Acting on their complaints where possible and resolving them is a major booster. However, that is not always possible, and that is where communication comes into play. Let your staff know that you listened and tried to solve the problem but couldn’t succeed. Sharing this with your team lets them know that 1) You listened, 2) You tried to solve their problem, and 3) You are still willing to help them come up with a solution
3. Give Your Employees Appreciation
Just like you feel good after receiving appreciation from your superiors or colleagues, younger, more inexperienced employees need the boost of appreciation for jobs done well.
Work can be exhausting and draining. However, a simple email of appreciation or a “Thank you” can lift moods and increase motivation.
In less formal setups, giving employees pats on the back, verbal praise in meetings, and team treats in the form of official lunches or dinners can help Give your employees the appreciation they deserve. Make sure that the praise is earned and worth the time and effort. Don’t praise just for the sake of praising them. An overall honest approach to all things is key!
Though it takes little time to appreciate good work, it can bring a new level of motivation and engagement to employees’ work.
4. Maintain Friendly, Respectful Employees
This is tricky, as there are very thin demarcations between friendliness and personal relationships. Acknowledging and being friendly with employees means that you are making yourself available to them. However, there is a difference between being approachable and becoming friends.
This approachability also means that you show your respect for employees and their opinions about work.
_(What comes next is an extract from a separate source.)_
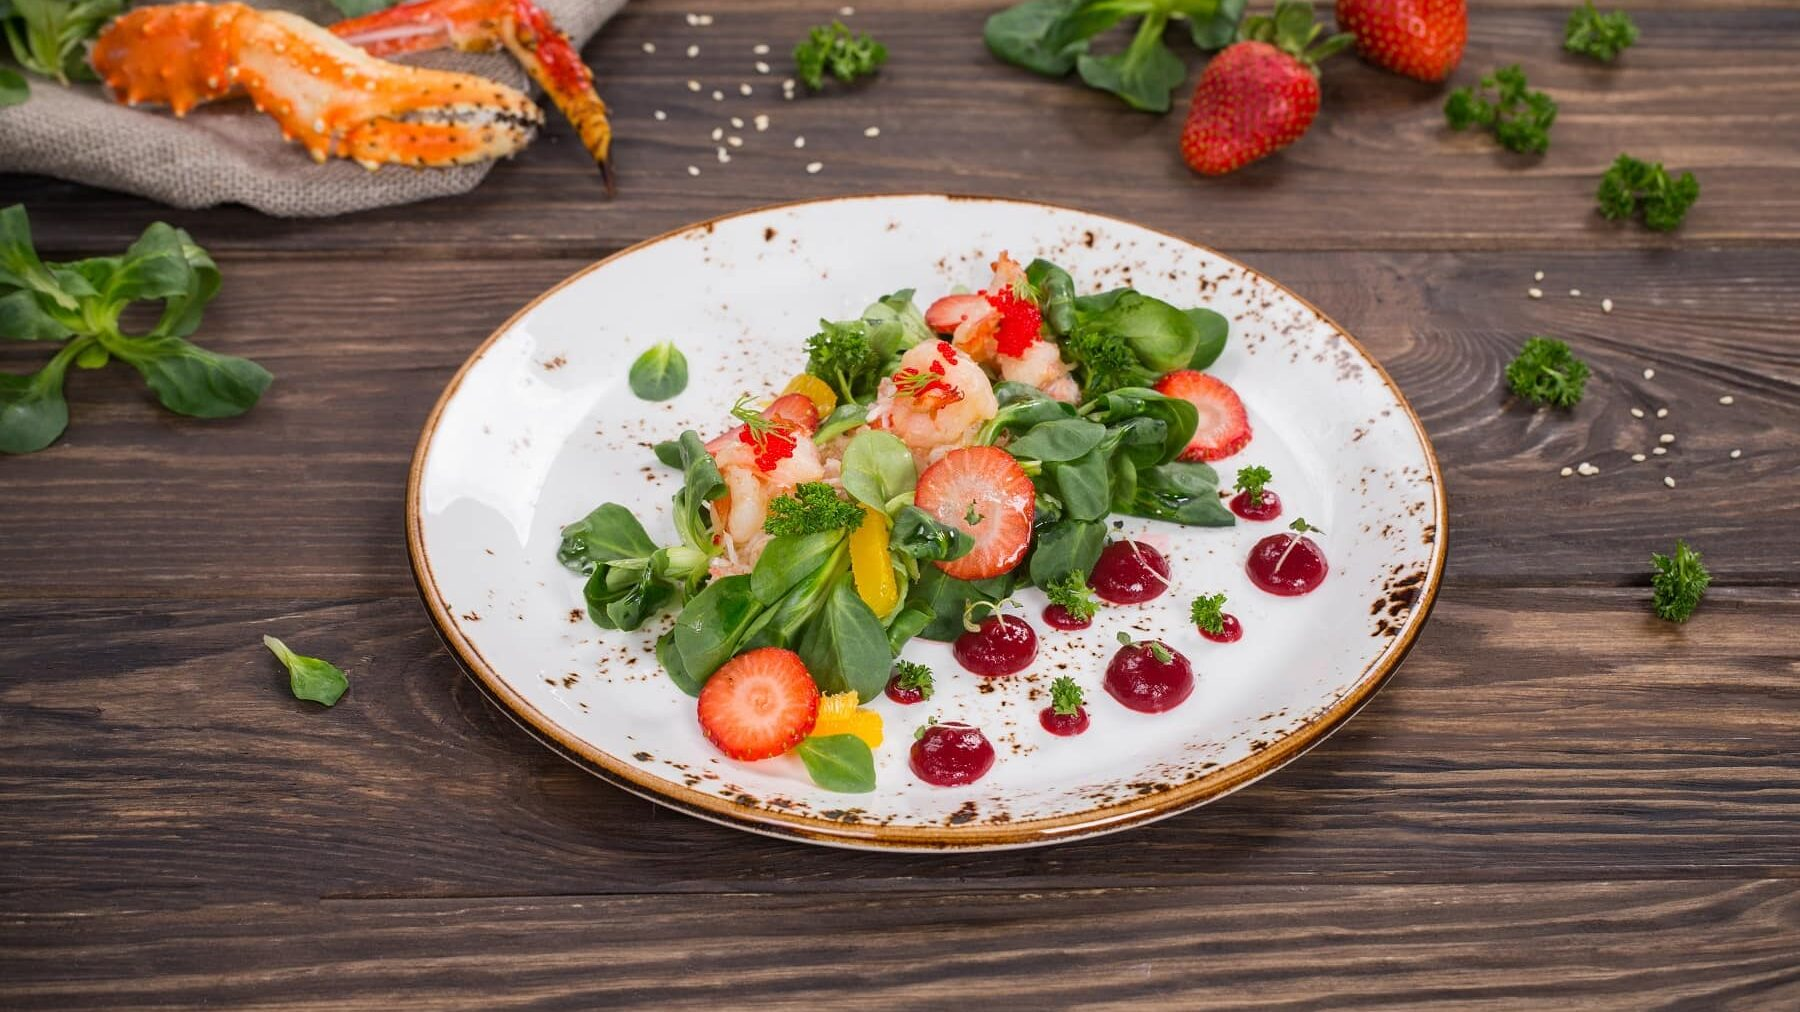 Ein weißer Teler mit Shrimpsalat mit Erdbeeren steht auf einem braunen Tisch. Auf dem Tisch liegen noch Krabben, Salat, Petersilie und Erdbeeren.

Do not degrade them for their opinions and particularly about lack of knowledge. Being respectful is separate from disagreeing. Disagreeing without ridiculing, degrading, and correcting without scolding are important skills to develop. Appreciate useful inputs, and explain where and why it is not practical.
5. Give Employees Freedom
Give employees as much freedom to work as possible. Nobody appreciates micromanagers, and employees resent micromanagement more than anything. Moreover, having the independence to perform workplace tasks increases job satisfaction and improves employee relationships.
6. Know your Employees
Most of us know about senior employees or resources in major positions but try to talk to all new and junior resources. Therefore, it is important to have one-to-one interactions with them. This would give you an idea about the new resources and will give them a sense of support to know that they can talk to the manager as and if needed.
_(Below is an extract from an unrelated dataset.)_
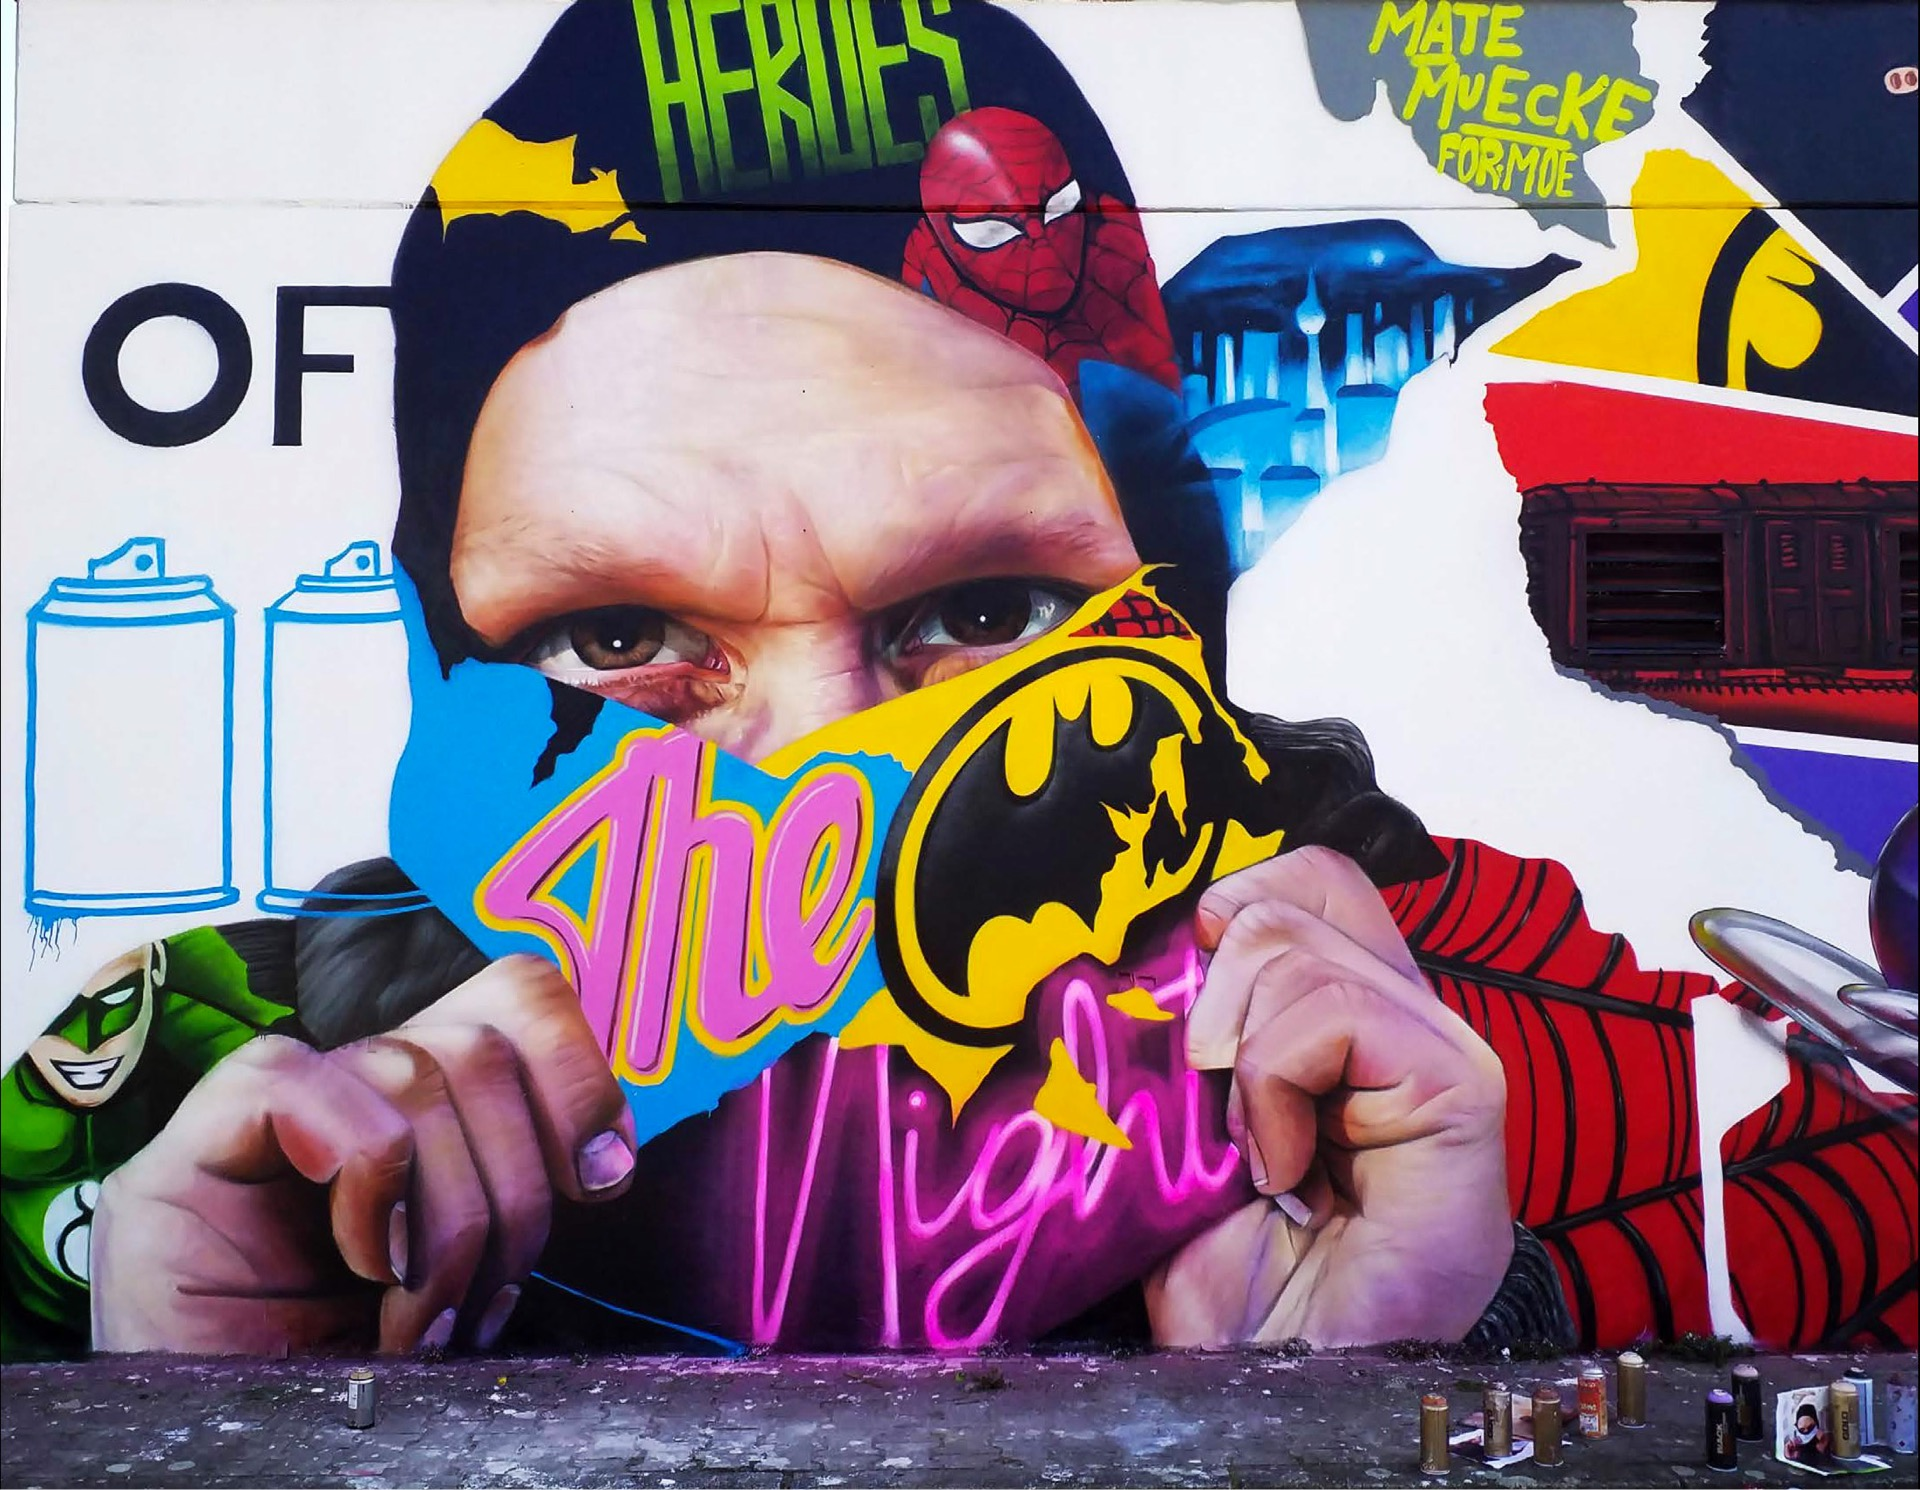 Heroes of the Night - Berlin, 2019

Ask them questions about the work assigned to them. Knowing if they are happy with the tasks, assessing their understanding, and if they are getting support from their senior team members will tell you a lot about what is happening in your team. You will also learn which resource is keen on learning new processes. You can also get useful insights about the current way of work and improve it.
7. Be Willing to Learn
We all know that at work, we follow the adage that the boss is always right. However, this is not a healthy approach. Instead, keep an open mind and be willing to try new approaches to work, where possible in your line of work.
This should help create an enabling environment, with employees comfortable giving useful insights on how to do better, cut costs, or save time. Taking in their views and trying them out makes employees feel empowered and willing to think out ways to work better. This eventually helps the organisation and makes you look good as a manager.
At the end of the day, the manager-employee relationship is about trust and mutual respect. Genuine involvement from both parties is key to making it work well for all. There are nuances involved.